If you have a pension for conspiracy theories..


----------



## Pam (Oct 11, 2014)

A pension?


----------



## QuickSilver (Oct 11, 2014)

Pam said:


> A pension?




Penchant..


----------



## Warrigal (Oct 11, 2014)

Criticism coming from your enemies can be discounted but criticism from your friends should always be considered carefully. 
Canadians, Britons and Australians speak boldly to Americans and to each other precisely because we are friends. We do not speak directly to those nations for whom we have no respect.

My country right or wrong is a dangerous motto when that country is the most powerful country in the world.


----------



## QuickSilver (Oct 11, 2014)

Well, perhaps you feel that way..BUT,   I don't like "friends" that insult me....  Do you?     It's something you expect from enemies...  I don't consider critical, insulting people friends at all..   

As for "my country right or wrong"  That's BS..  I certainly don't feel that way and I am very critical of some aspects of our government..  BUT.. there's a difference in being analytic  and being  hateful..   Unfortunately.. I don't see some of the criticisms here as kind or constructive.. Just nasty and unnecessary.   It seems to me that the Canadians, Austrailians and especially the Brits are eager to bad mouth the US.. but are a tad thin skinned when it is handed back to them..  But I guess it's always easy to take pot shots... especially at the most powerful country in the world.


----------



## Debby (Oct 11, 2014)

QuickSilver said:


> If you have a pension for conspiracy theories..




I think the word you were looking for is 'penchant'.  And simply based on your 'accusation', I have a link for you.  This man has credentials that are excellent.  His bio from his website:

_Dr. Paul Craig Roberts _was Assistant Secretary of the Treasury for Economic Policy under Ronald Reagan and associate editor of the Wall Street Journal. He was columnist for Business Week, Scripps Howard News Service, and Creators Syndicate. He has had many university appointments. His internet columns have attracted a worldwide following.
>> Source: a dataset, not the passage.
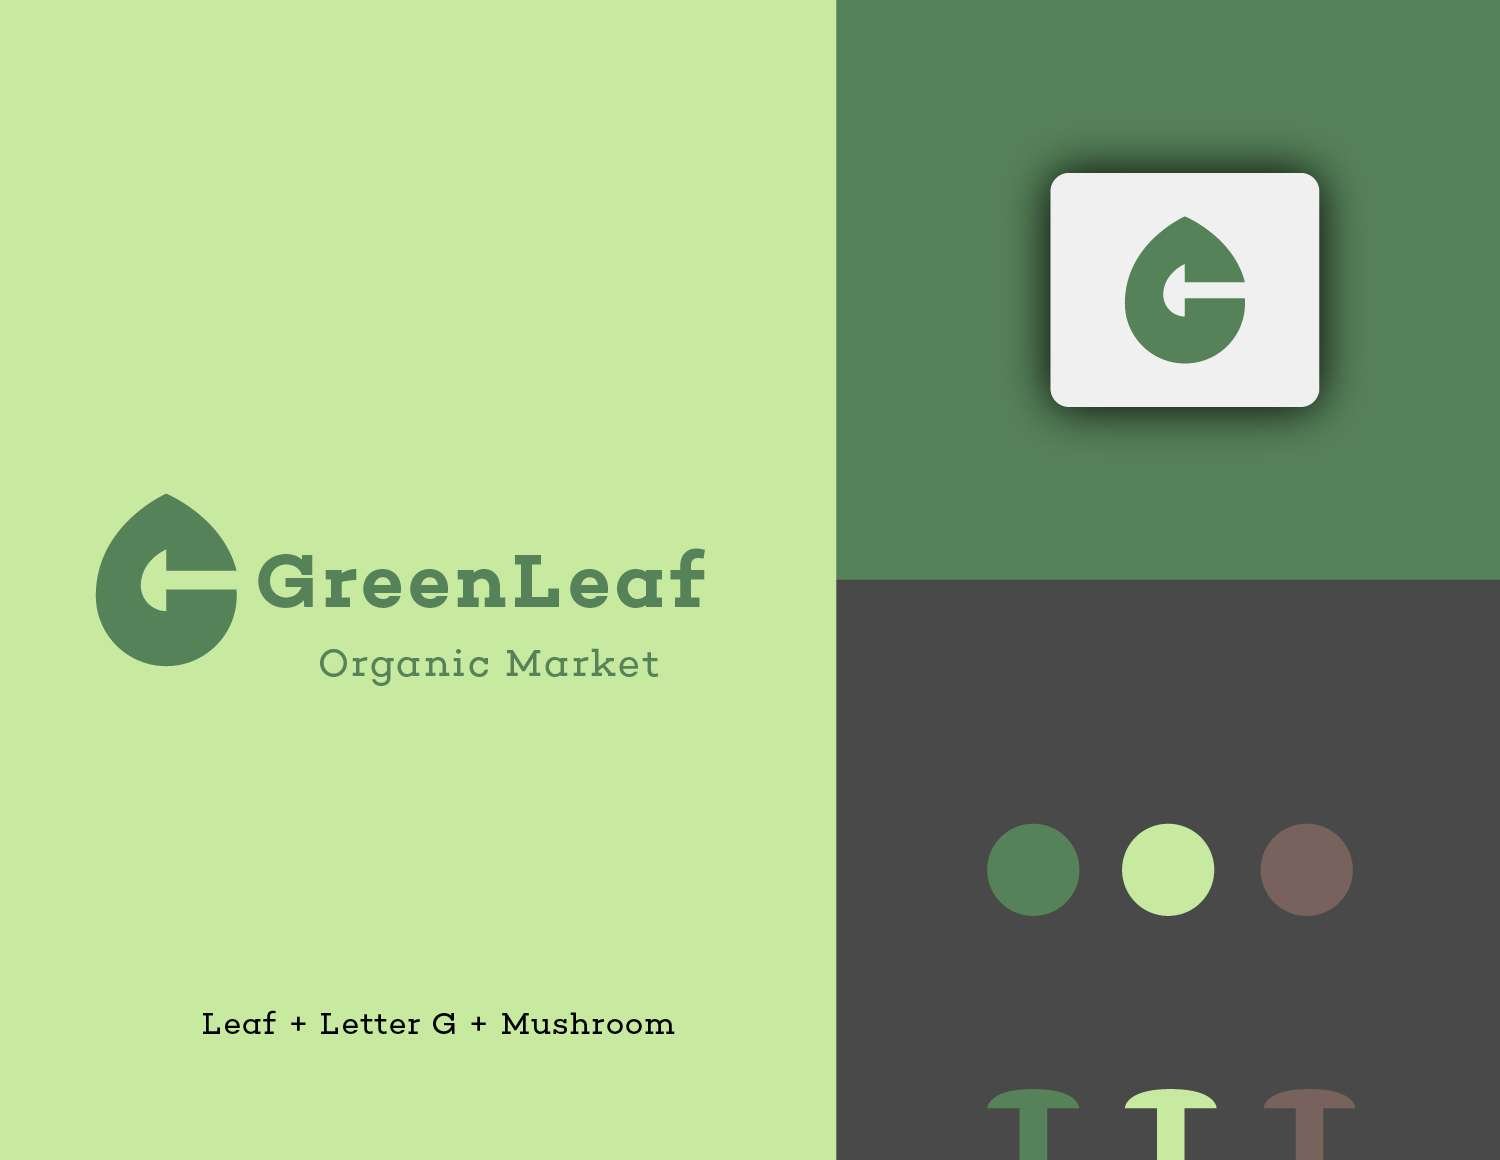 Logo presentatie van GreenLeaf met 3 delen. Links het GreenLeaf logo met wordmark en 'Organic Market'. Rechtsboven een minimalistischer logo. Rechtsonder het kleurenpalet en 3 paddenstoelen in huisstijlkleuren, weerspiegelt de visuele identiteit van GreenLeaf.
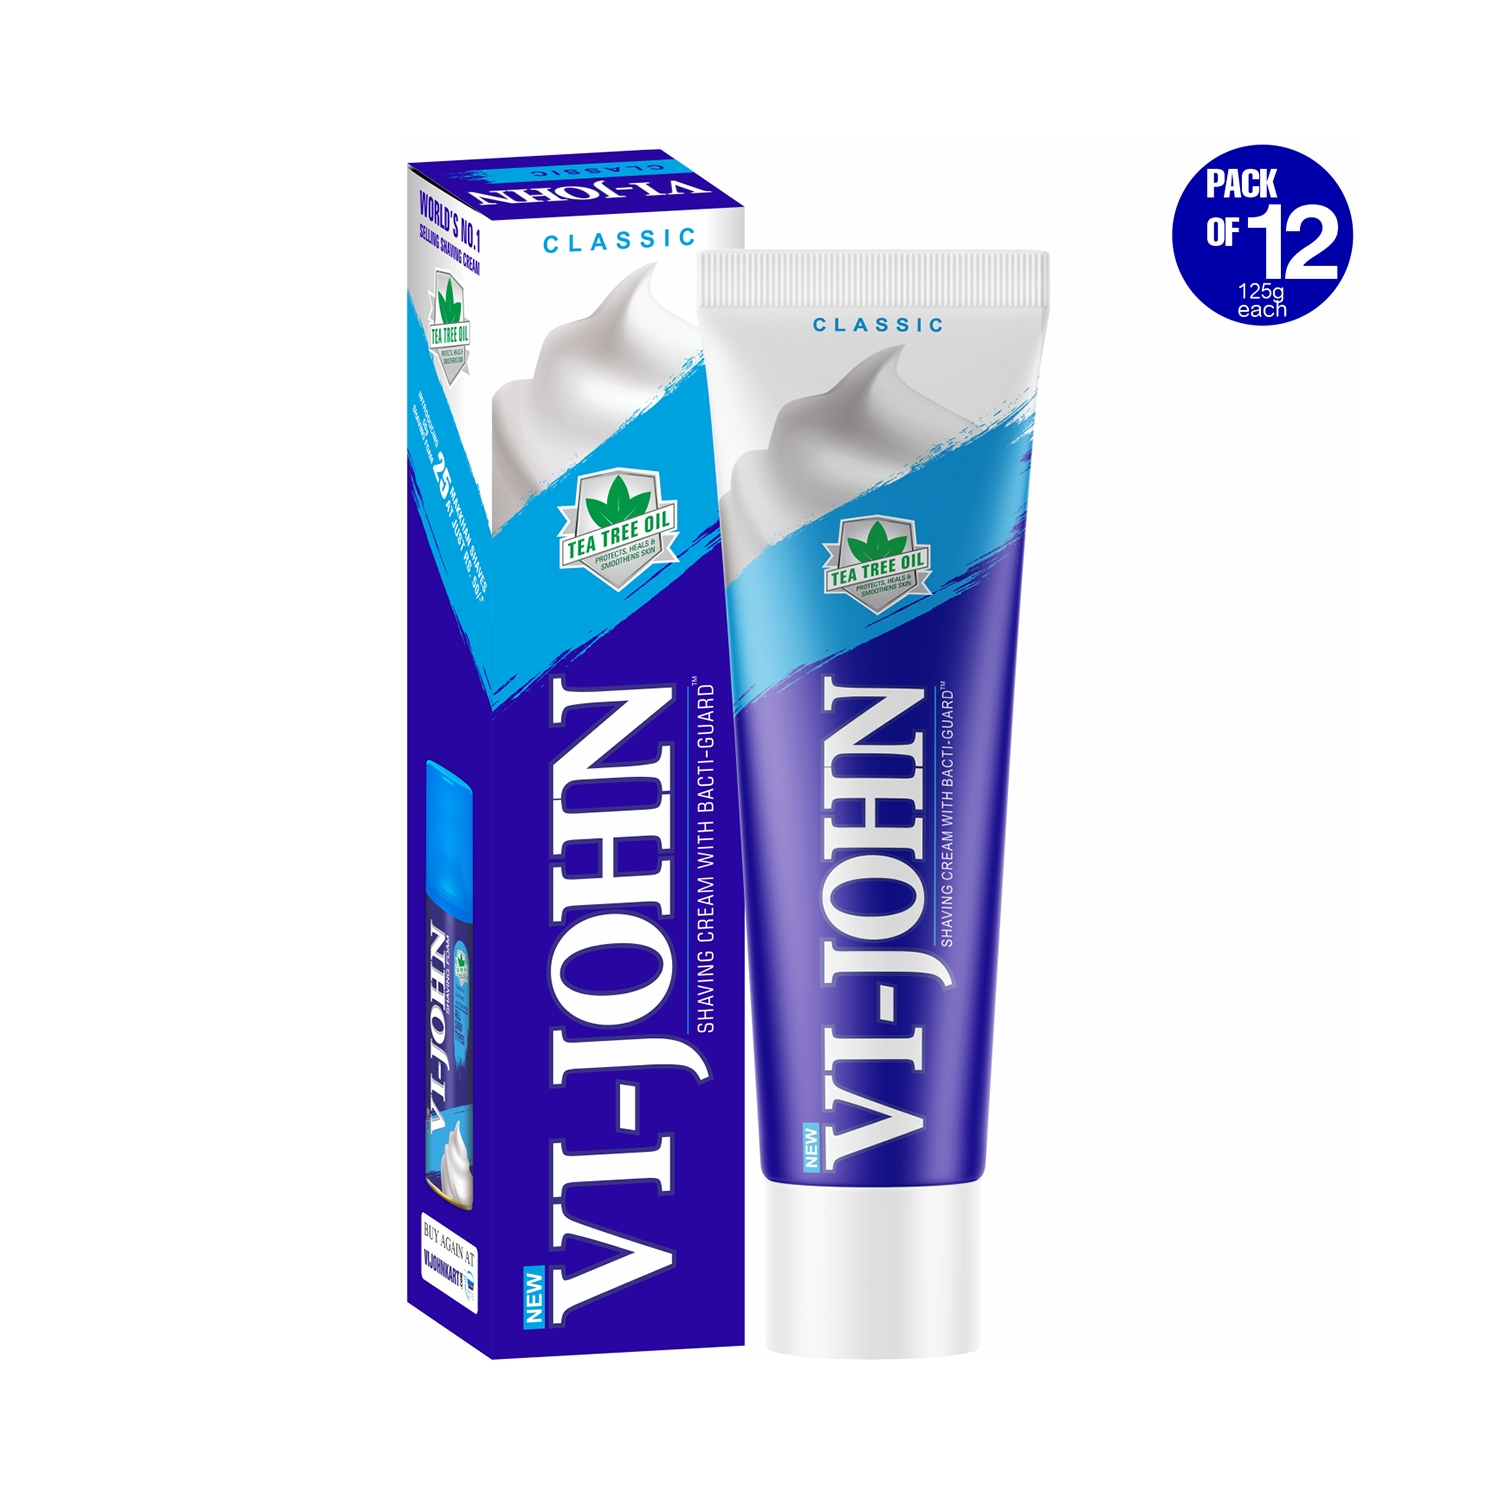 VI-JOHN | VI-JOHN Classical Bacti-Guard Shaving Cream (Pack of 12)

He talks about various of the lies of the American administration,  Saddam Hussein's WMD being an obvious one, Muammar Gaddafi and his despotic rule, Assad using chemical weapons, Iranian nukes, their involvement in the Ukraine initially and Russia's involvement there, etc., and he goes on to point out how when people point to these obvious and known affronts to honesty and integrity, they are labelled as un-patriotic or conspiracy theorists  (if they're a citizen) and we won't talk about what 'they' say about people like me who aren't citizens but have the audacity to not accept the government propaganda.  

But maybe I'm missing something here and maybe it is that in your wisdom, you have chosen not to speak out because you don't want to wind up on some government watch list.  Not something that has occurred to me, but apparently 1.2 million American citizens are being deliberately and systematically spied on and not necessarily because of violence or suspected crimes but because they may have voiced an opinion.  Like journalists and film makers and.....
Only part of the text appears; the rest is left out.